Es gibt gute Gründe, beiden Erklärungen zu widersprechen. Hochproblematisch ist bereits die Umstandslosigkeit, mit der sie dem Palästinakonflikt bei der Ausbreitung des Antisemitismus unter Arabern oder Muslimen eine untergeordnete Rolle zuweisen. Historisch spricht dagegen schon die beispiellose Häufung antijüdischer Aktionen sowie antisemitischer Äußerungen nach 1945, die eindeutig als Reaktion auf die zionistischen Besiedlungspläne zu werten sind. Unmittelbar nach der Abstimmung über den UN-Teilungsplan im November 1947 kam es zu mehreren Pogromen, etwa im Jemen, wo Juden seit drei Jahrtausenden gelebt hatten und das Land nun binnen drei Jahren fast komplett verließen.
Ähnlich verlief der Exodus der größten jüdischen Gemeinschaft des arabischen Ostens.3 Im irakischen Königreich wurde im September 1948 der reichste jüdische, aber antizionistisch eingestellte Kaufmann Shafiq Ades ohne Vorlage von Beweisen als Kommunist und Verräter verurteilt und unter dem Jubel eines Mobs vor seinem Haus erhängt, da er angeblich Handel mit Israel betrieben habe.

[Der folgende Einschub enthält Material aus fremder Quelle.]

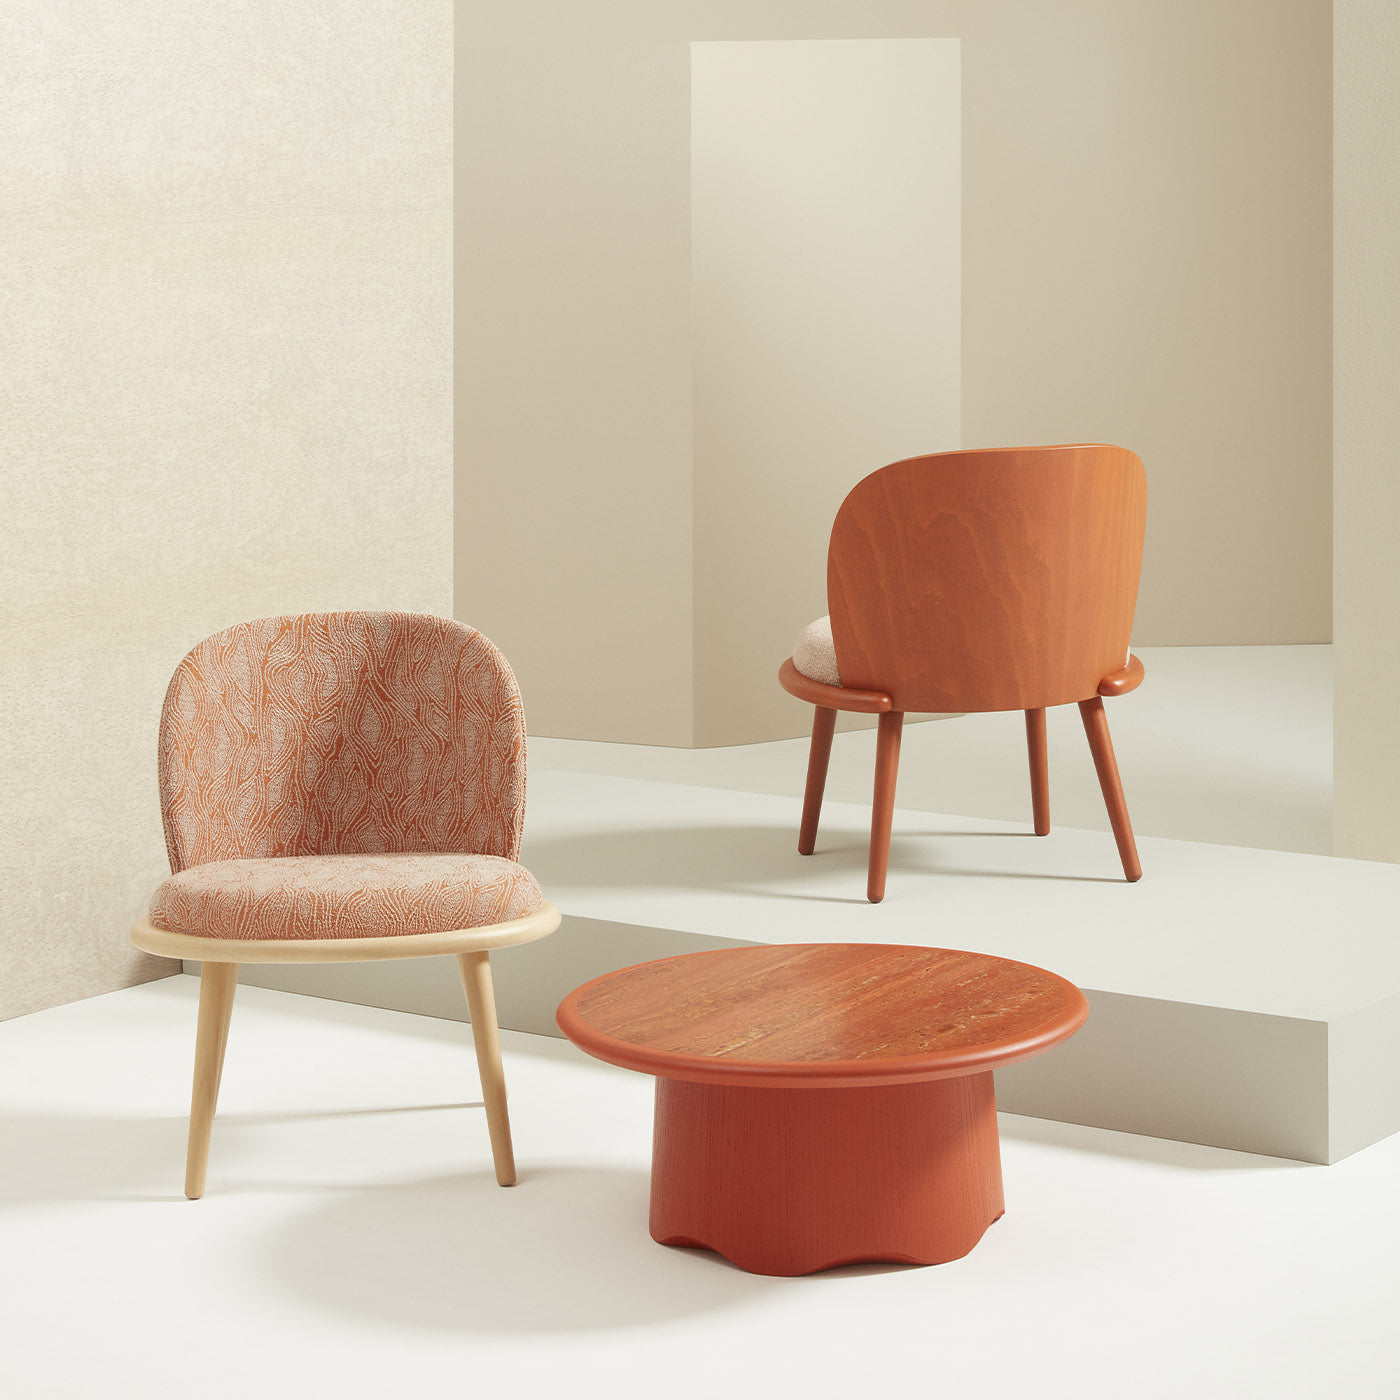 Veretta 927 Patterned Lounge Chair by Cristina Celestino - Alternative view 2

Im Monat darauf entließ die Regierung 1500 Juden aus dem Staatsdienst, in den Jahren 1950 und 1951 drängte sie monatlich Tausende zur Auswanderung, einerseits um den jungen Staat Israel vor logistische Probleme zu stellen und andererseits, um sich ihres Besitzes zu bemächtigen. Selbst noch die irakische Baath-Partei statuierte direkt nach ihrer Machtergreifung ein Exempel an angeblichen israelischen Spionen und ließ 1969 neun Juden, drei Muslime und zwei Christen öffentlich erhängen. Weitere Hinrichtungen folgten, so dass bis Anfang der siebziger Jahre auch fast alle noch verbliebenen Juden das Land verlassen hatten.